Kenya’s skincare market is rapidly expanding, with the sector projected to reach about USD 125 million (roughly KSh 16 billion) by December 2026, driven by rising demand for dermo-cosmetics and increased consumer awareness.

Yet this growth has coincided with a surge in complex and often counterproductive routines. According to local healthcare reports, conditions such as acne, eczema, dry skin and hyperpigmentation now account for roughly 10-30 percent of all outpatient dermatology visits nationwide.

According to her, whereas skincare should be simple and rewarding, most Kenyans are doing too much and too often and this she says, is the cause of most skin problems in the country.

This overuse, she warned, often leads to barrier damage, chronic irritation and inflammation, particularly problematic in a country where hyperpigmentation is a common concern.

“Many patients today are using multiple active ingredients at the same time, harsh exfoliants and inappropriate viral or TikTok trends from social media,” she warns.

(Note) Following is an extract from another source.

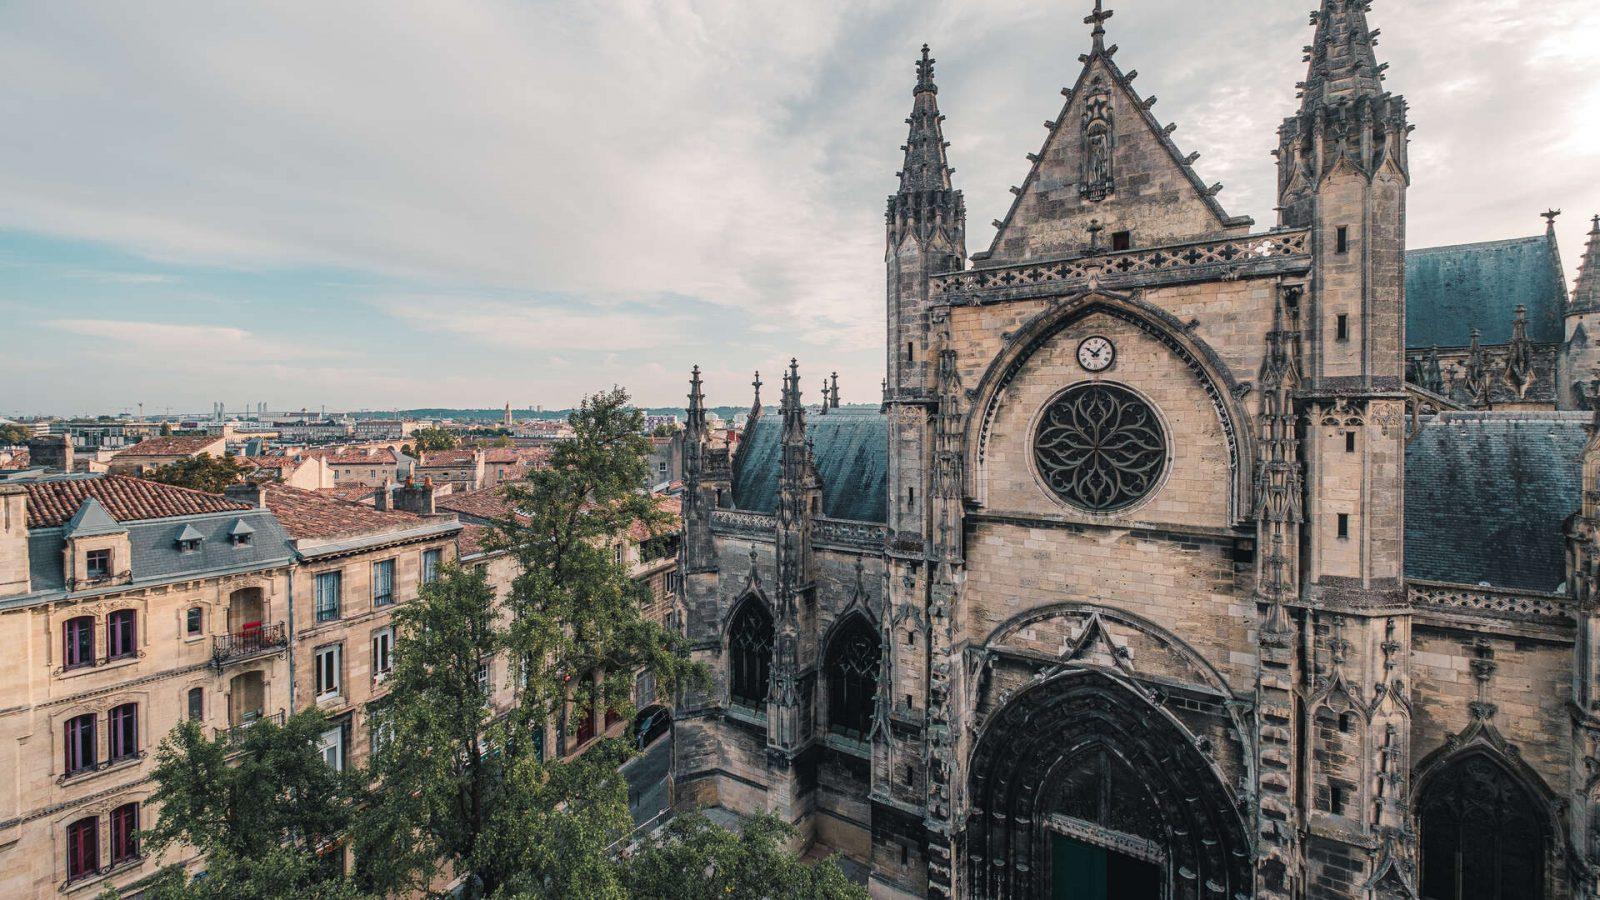 Basilique-Saint-Michel-Teddy-Verneuil—-lezbroz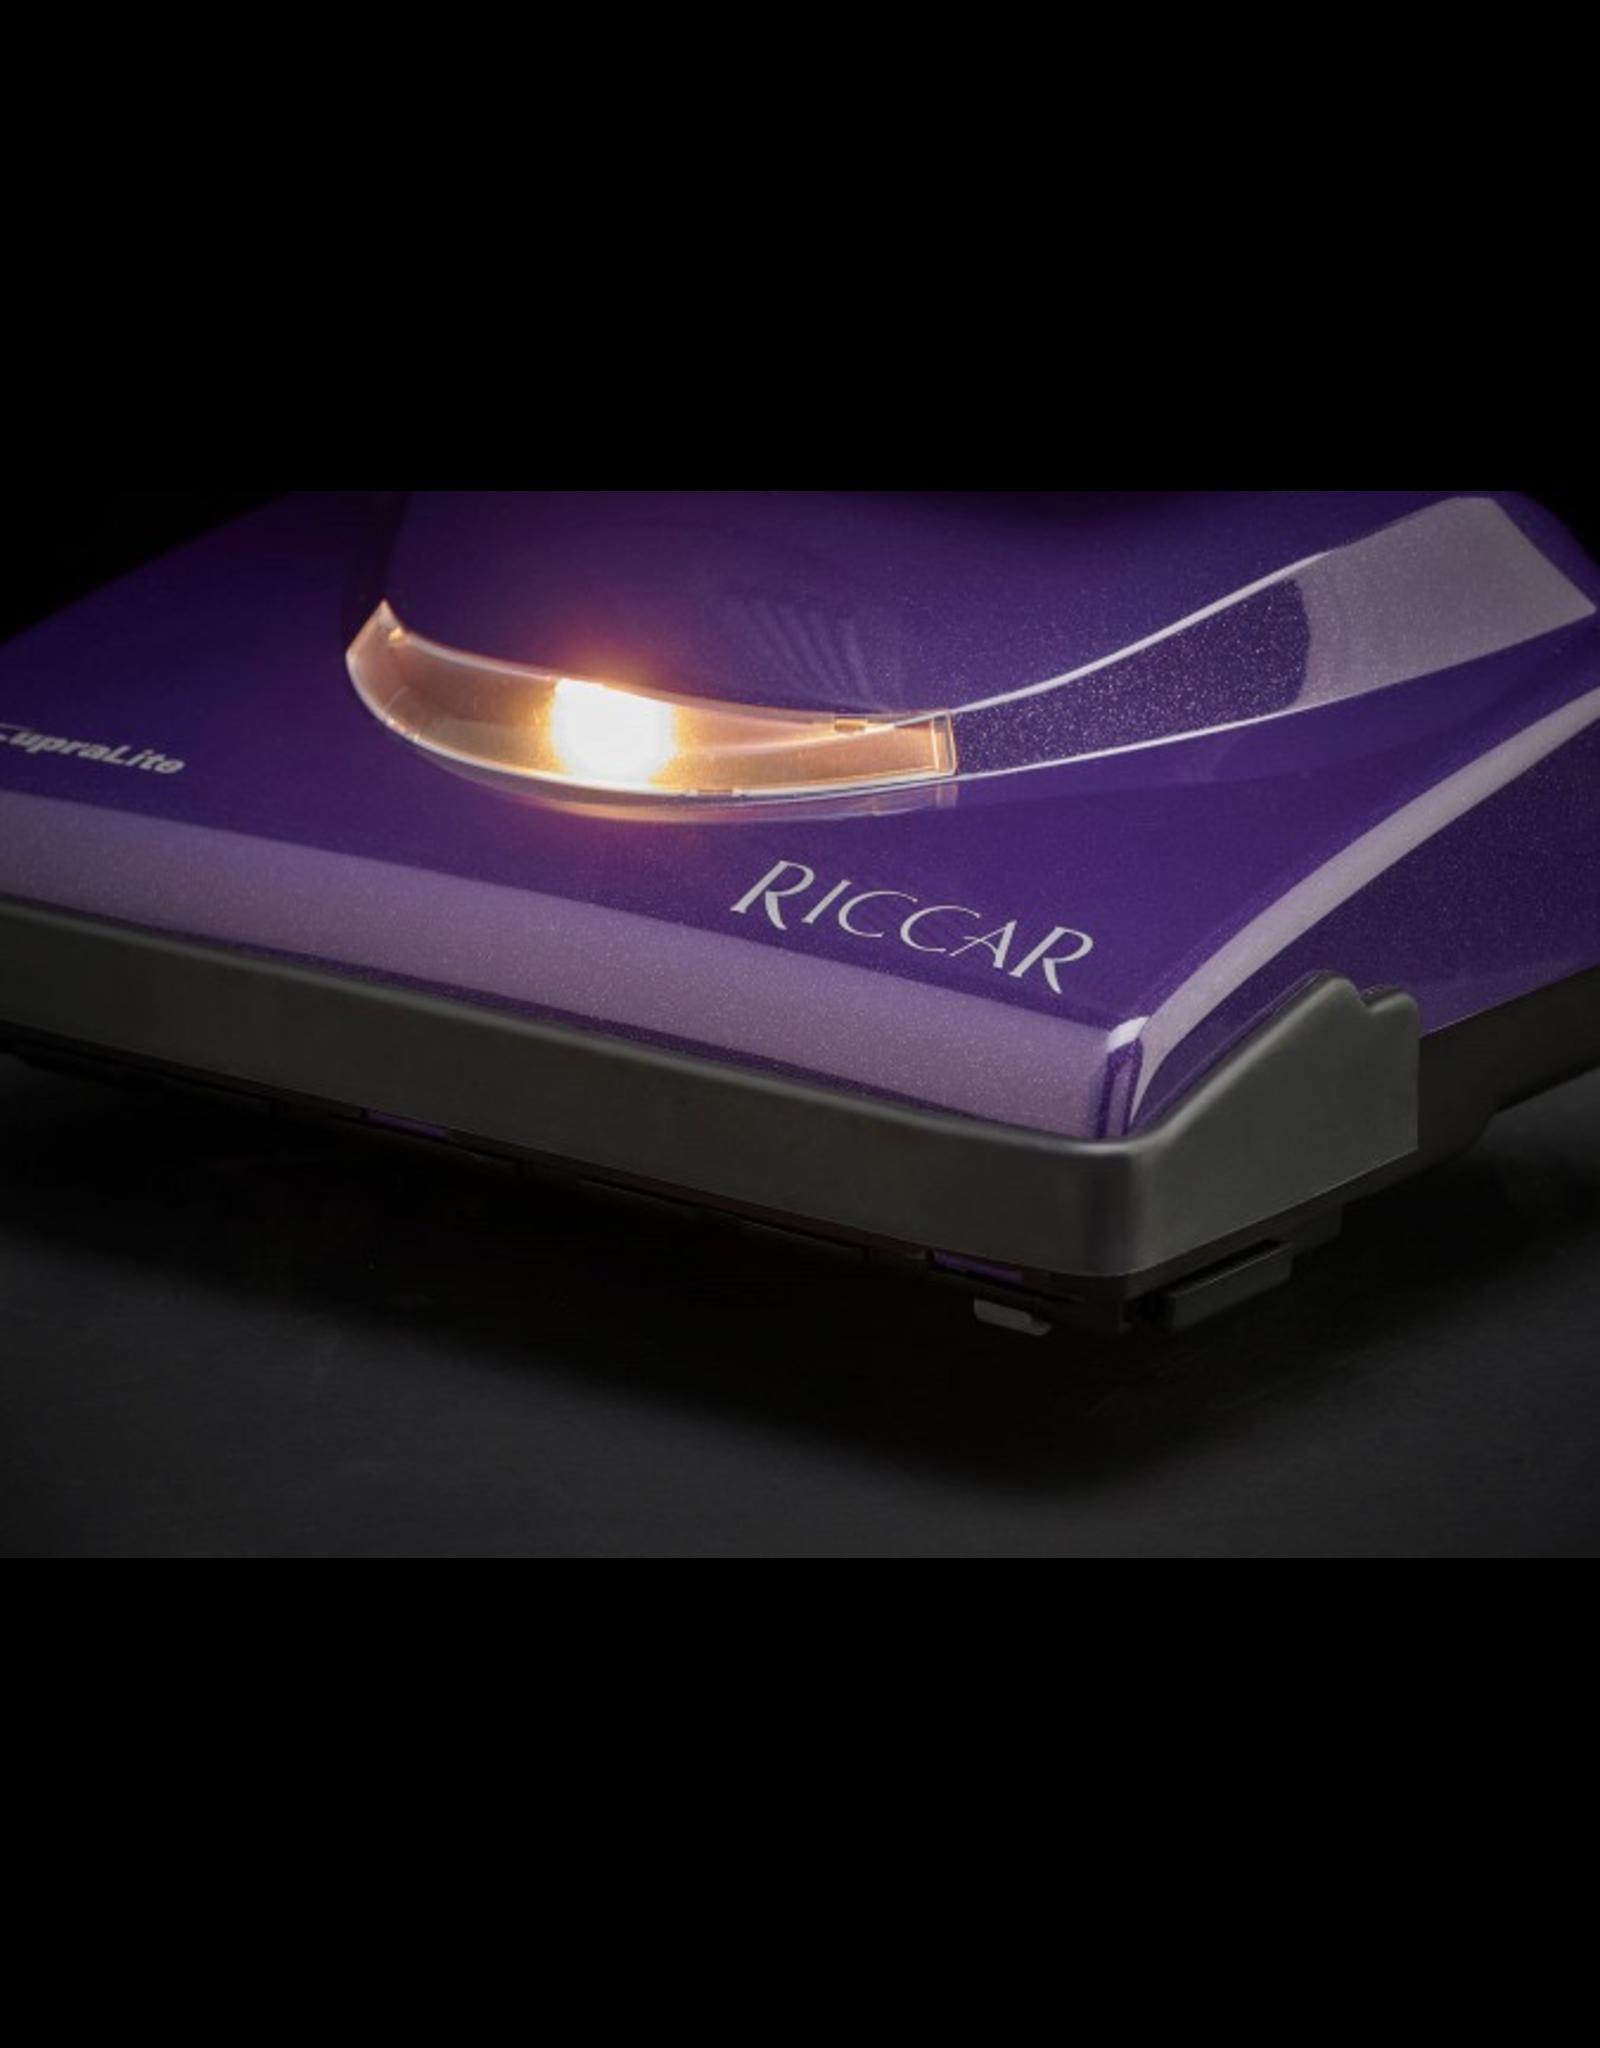 Riccar Riccar SupraLite Standard Upright Vacuum - R10S

Healthcare reports tracking dermatological trends in Kenya indicate that conditions such as acne, eczema, hyperpigmentation, and dry skin make up roughly 10–30 percent of all outpatient dermatology visits nationwide, a notable proportion that highlights a broad public health concern rather than a niche issue.
To effectively tackle this, Dr. Saini advocates for a straightforward approach.

“The honest truth is, a simple skincare routine. Simple routines are sustainable, and sustainable routines are effective. Consistency for us is far more important than the number of products that are used on the skin,” she advises.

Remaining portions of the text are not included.